ユーザーは、ユーザー名と一時パスワードを使ってパートナー ダッシュボードにサインインする必要があります。 ユーザーがパートナー ダッシュボードに初めてサインインすると、パスワードの変更を求めるメッセージが表示されます。

ユーザーのアクセス許可を割り当てる

パートナー ダッシュボードへのアクセスはロールベースであるため、アクセス許可を割り当てることで、ユーザーのビューをカスタマイズして特定のタスクに必要な機能のみを表示できます。 ロールを割り当てる最適な方法については、「ユーザー アカウントの作成とアクセス許可の設定」を参照してください。

間接プロバイダーと連携する

間接プロバイダーと連携すると、間接リセラーの顧客は、多様な選択肢の中からマイクロソフトのクラウドベースのサービスとソリューションを選べるようになります。 間接プロバイダーは、顧客への請求処理とカスタマー サポートを安定的に提供できるシステムとインフラストラクチャーを備えているため、間接リセラーはテクノロジ ソリューションと顧客対応に集中できます。

まだプロバイダー (ディストリビューター) と連携していない場合は、認定間接プロバイダーを検索して、連携先を見つけることができます。 連携候補のプロバイダーが見つかったら、直接そのプロバイダーに連絡して、提供されているリセラー プログラム、サポートのレベル、契約条件などについて協議してください。 貴社とプロバイダーの両方が連携に合意した場合、貴社のアカウントをパートナー ダッシュボードで連携する必要があります。

間接プロバイダーがパートナー ダッシュボードで貴社と連携を希望する場合、次のワークフローが開始されます。

  1. 間接プロバイダーから、貴社の間接プロバイダーとして承認を求める招待がメールで届きます。 メールには、パートナー ダッシュボードへのリンクが含まれており、このリンクによって、貴社のアカウントがプロバイダーのアカウントと関連付けられます。

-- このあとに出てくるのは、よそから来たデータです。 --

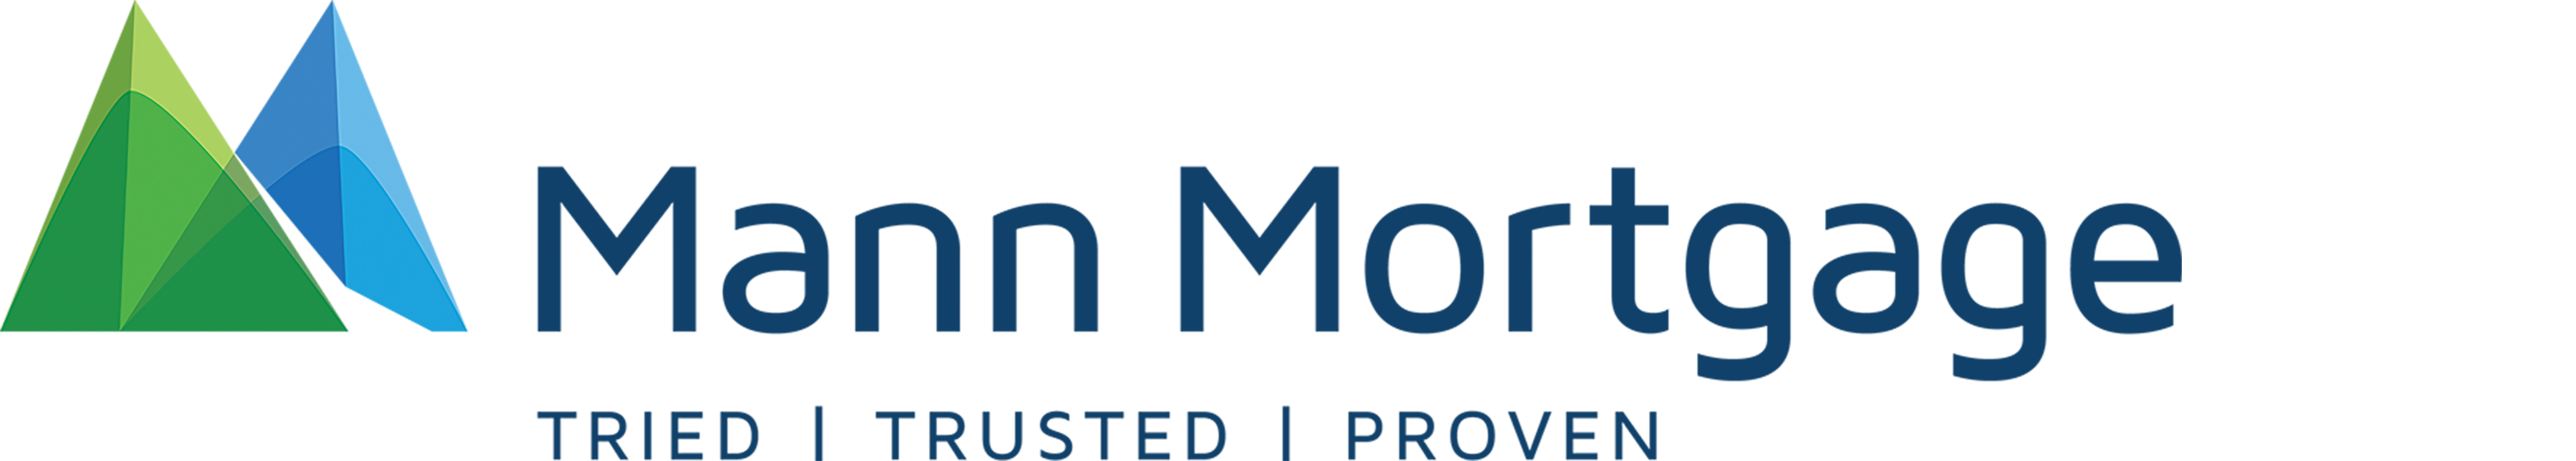 Mann Mortgage home loans logo
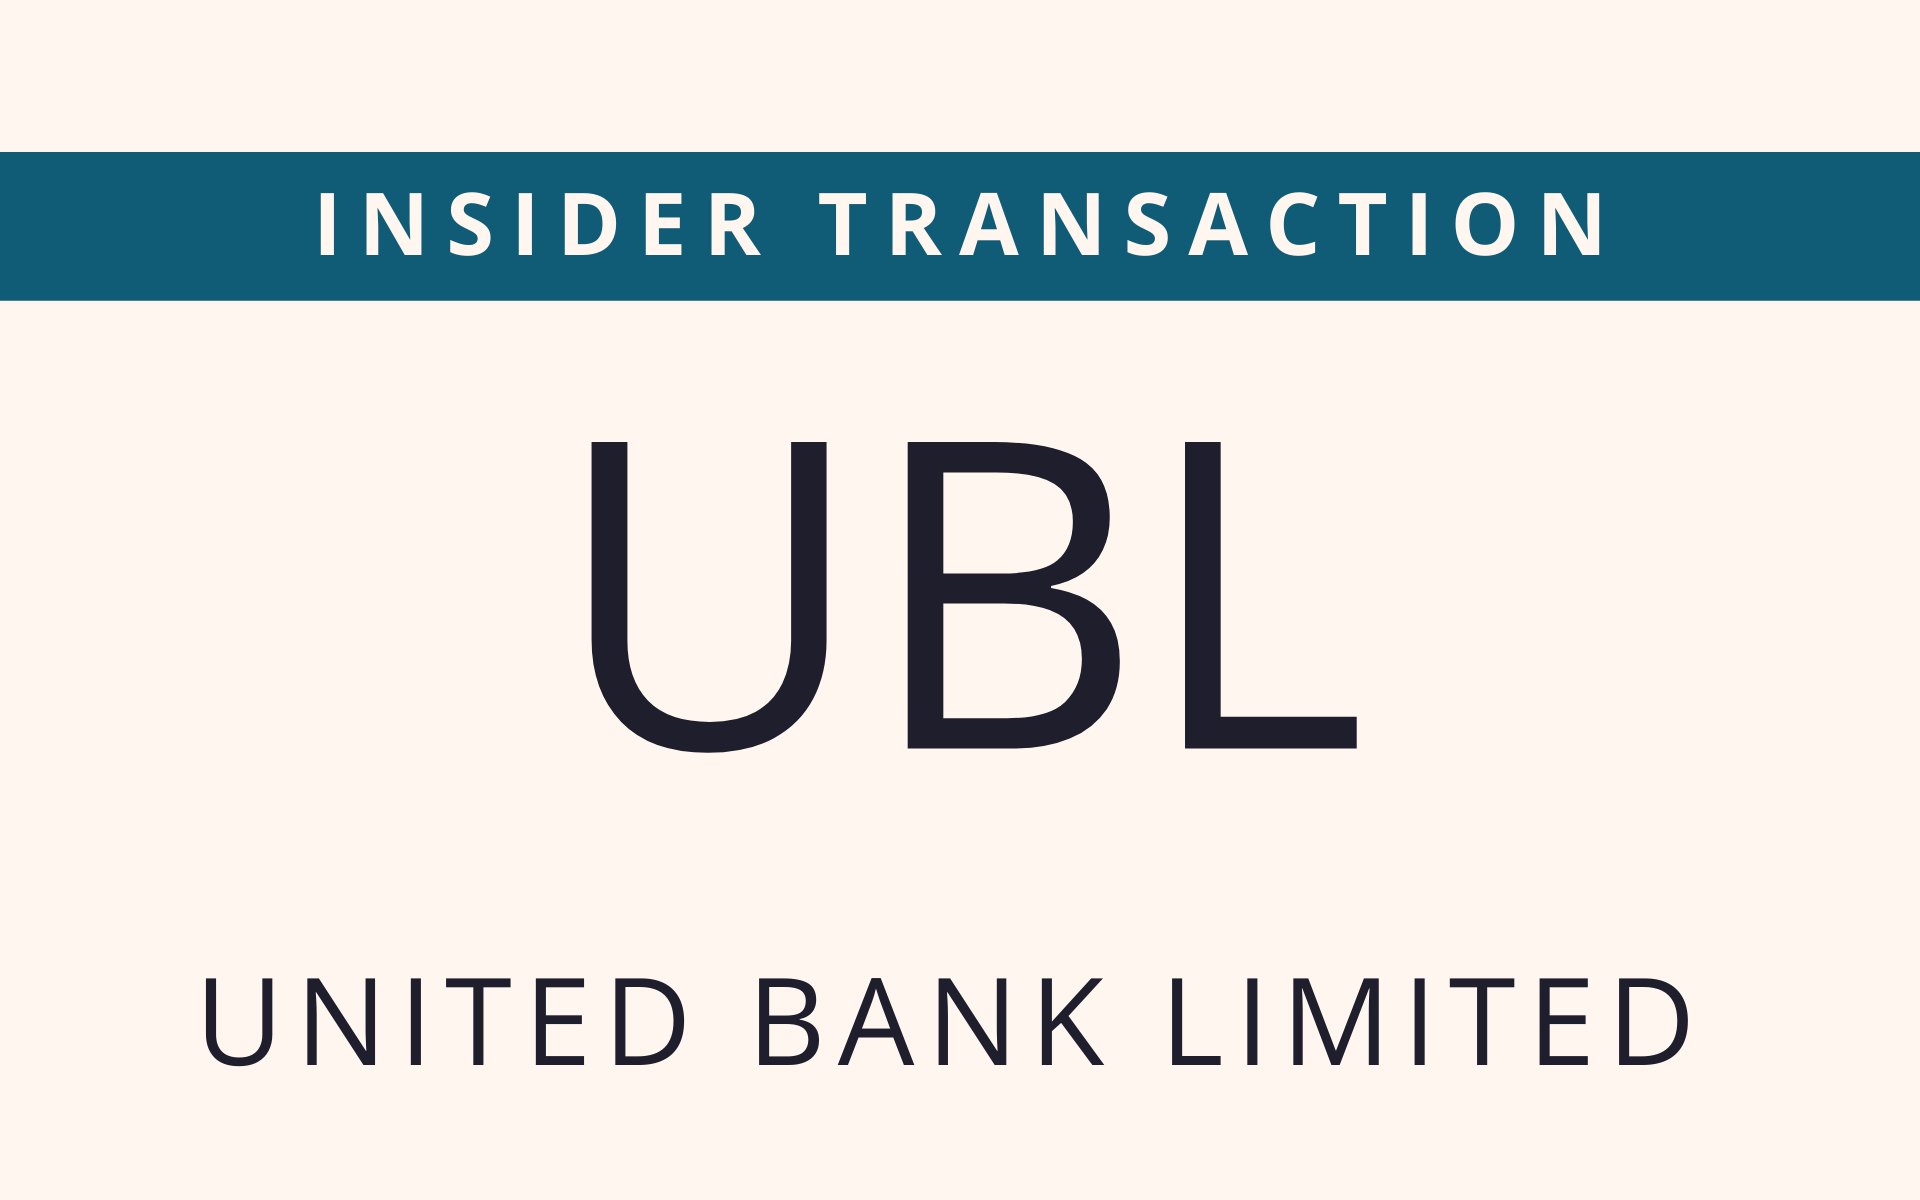 UBL - Insider Transaction

  2. 招待を承諾するには、プロバイダーのメールのリンクをクリックし、説明に従います。 場合によっては、パートナー ダッシュボードにもう一度ログインする必要があります。

  3. プロバイダーとのパートナーシップを確認するには、チェックボックスをオンにし、[間接プロバイダーを承認する] を選びます。 プロバイダーが貴社の [間接プロバイダー] ページに表示され、貴社がプロバイダーの [間接リセラー] ページに表示されます。

    間接プロバイダーとパートナーシップを確立した場合、間接プロバイダーに対し、貴社の顧客に代わって注文とサブスクリプションを送信する権限を認め、貴社の職場アカウントへの管理者アクセス権を付与したものと見なされます。 プロバイダーとのパートナーシップが確立された後、Office 365 ポータルで、貴社の職場アカウントに対するプロバイダーの管理者アクセス権を削除できます。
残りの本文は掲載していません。